I had a tiny bit of excitement this past week. While I was away on travel (again), I received a letter from the Government. Since I do some work for the Government, my husband, thinking it very important (it was, but he just had the wrong “kind” of important) called me immediately to tell me something official came and what did I want him to do with it? (He’s always cognizant of time-sensitive correspondence.)
He reported that it came from the National Personnel Records Center. I admit I was a little confused as to what it was since my mind was focused on my job. But…Personnel Records? I had no reason to expect anything on my own military records and my current job doesn’t use the National Personnel Records Center!
Then it hit me…my record request was finally fulfilled!!! I had ordered Ken’s service records in January 2020…yes, over two years ago. Thank you, COVID-19 lockdown.
“Open it! Open it!” I said. And he did, to confirm it was what I thought it was. My blessed husband scanned it and emailed it to me so that I didn’t have to wait. It gave me time to consider whether I wanted to write a blog post about it and how. So here goes.
Through family knowledge, I know who Ken Rhoades Sr was. I know who his parents were. I know he served in WWI on the U.S.S. Kingfisher and that it was a minesweeper in the North Sea. I know when and where he was born, when and where he died, and where he is buried. What more could a genealogist need? Even though I know quite a bit about my great-grandfather, Ken, I still seem to want more. And then, occasionally I am asked to track down a detail that encourages me to dig a little deeper.

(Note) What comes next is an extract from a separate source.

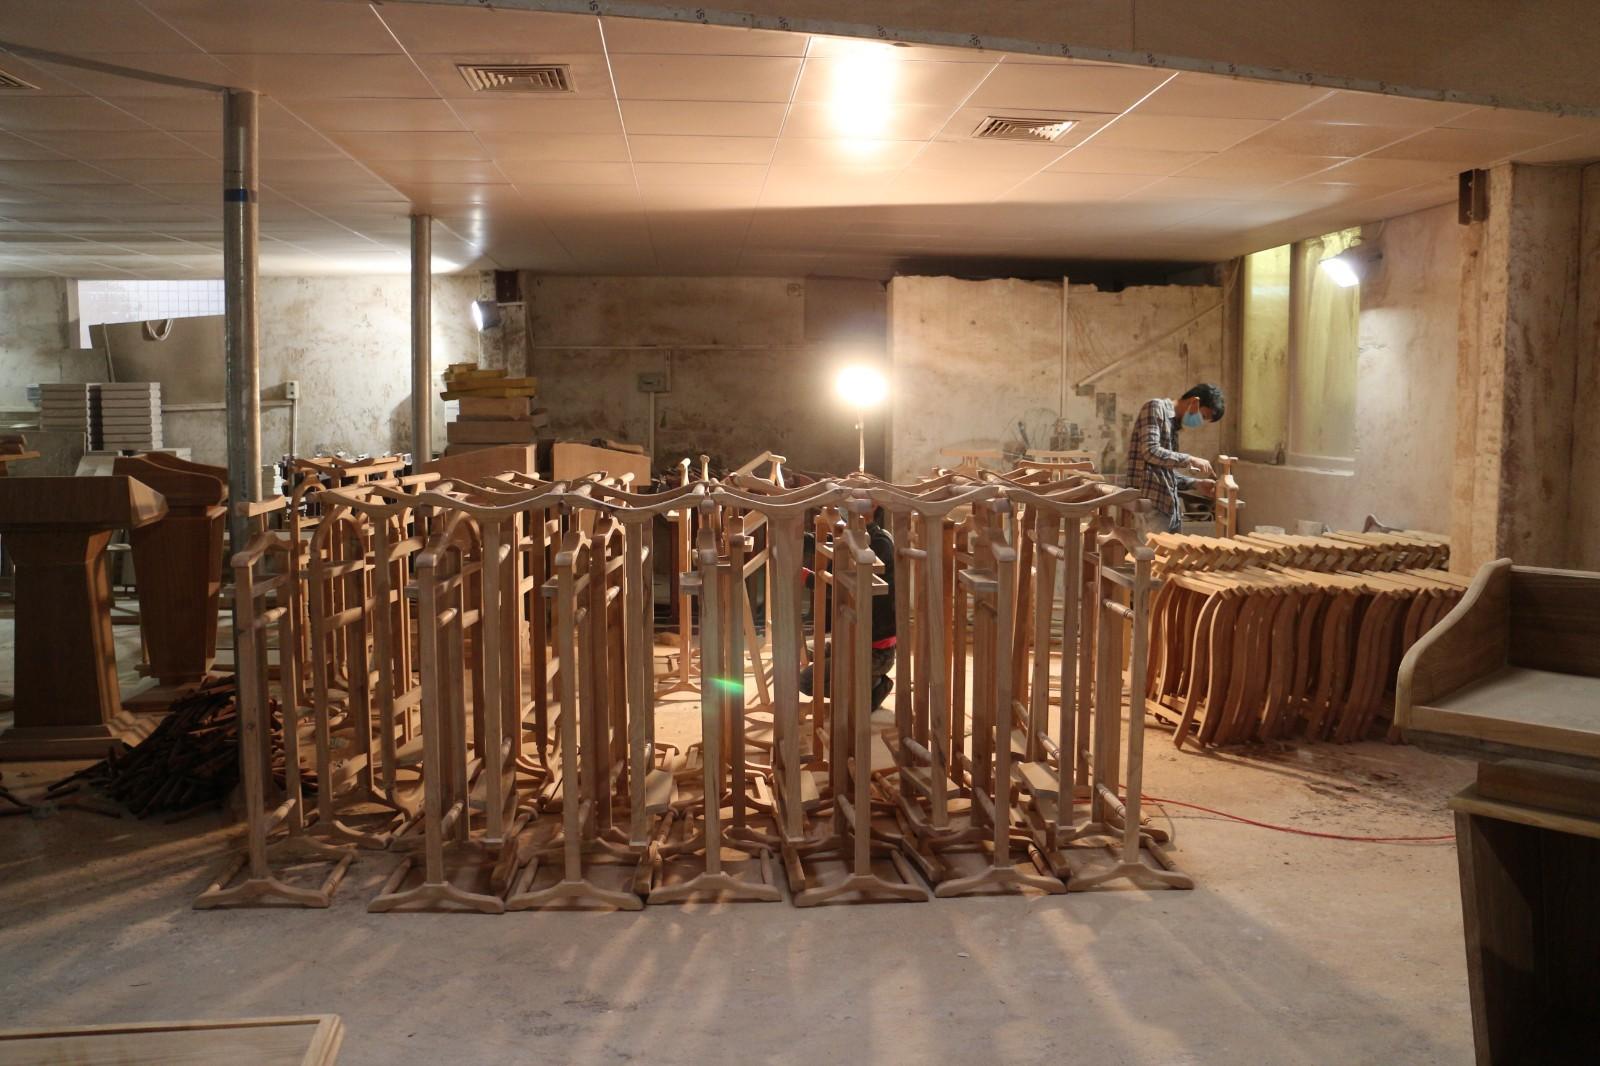 Fenghe-Oem Wooden Pulpit Manufacturer, Portable Pulpit Stand-3

I went ahead and “collected” his evidence for birth, marriage, death, and burial. Among this collection of record evidence was a military application for his headstone. But I never focused on where Ken Sr. was buried when I began my genealogy journey because it was too recent in our family history. And, therefore, I didn’t pay attention to the small stamp that read “suspended” on his headstone application. A fellow Find-A-Grave volunteer was transferring several profiles to me and asked me why we never placed a headstone for Ken? That was news to me. He pointed out that little blue stamp on the headstone application and I told him I had never noticed this discrepancy.


It did cause brief anxiety for me. I wondered if his military service truly was without incident.
So I asked my Uncle what he knew. And he got the story from Grandma. It turned out to be just a simple mix-up that the family never resolved involving the spelling of his surname. You see, it was my great-grandfather Ken (or rather, his brother) who changed the spelling to “Rhoades” late in his own life.
The details of the confusion and what was necessary for Eleanor to resolve it all are a blur to us today, we no longer really know for sure what the issue was and only the Social Security Administration used the spelling “Rhoades”. His service records and death certificate spelled it “Rhodes” and Eleanor used “Rhodes” on the headstone application. And so I requested his service records to get the paperwork needed for us to re-order his headstone.
This little exercise in name spelling then kicked off the above-mentioned validation of which records used which spelling and when. This, of course, sent me down a rabbit hole of signatures and timelines. Timelines fascinate me. I am such a nerd.
When Ken was born in Indiana, his father, Daniel, spelled the family name “Rhoads” in most records, as did Daniel’s siblings and their descendants. By 1910, Daniel, Rosetta, and seventeen-year-old Ken were living in Michigan where they are recorded for the first time as “Rhodes” in the census. Ken must still be in high school in 1910, or just graduated, as he is not employed.
Sometime after his graduation, Ken moved in with his half-sister, Sadie Truman Gill (daughter of Rosetta) in Chicago, Illinois. Her husband is a purchaser for a prominent Chicago retail store called Carson Pirie Scott and helps Ken get a job as a sales clerk.
World War I breaks out in Europe in 1914 and the U.S. attempts to remain neutral. But the sinking of the Lusitania followed by continued aggression in international waters leads to the U.S.’s formal entry into the conflict in April 1917. Ken files his draft registration on 5 June 1917 and on 26 June enlists in the U.S. Navy. In his draft registration and enlistment papers, he uses “Rhodes”.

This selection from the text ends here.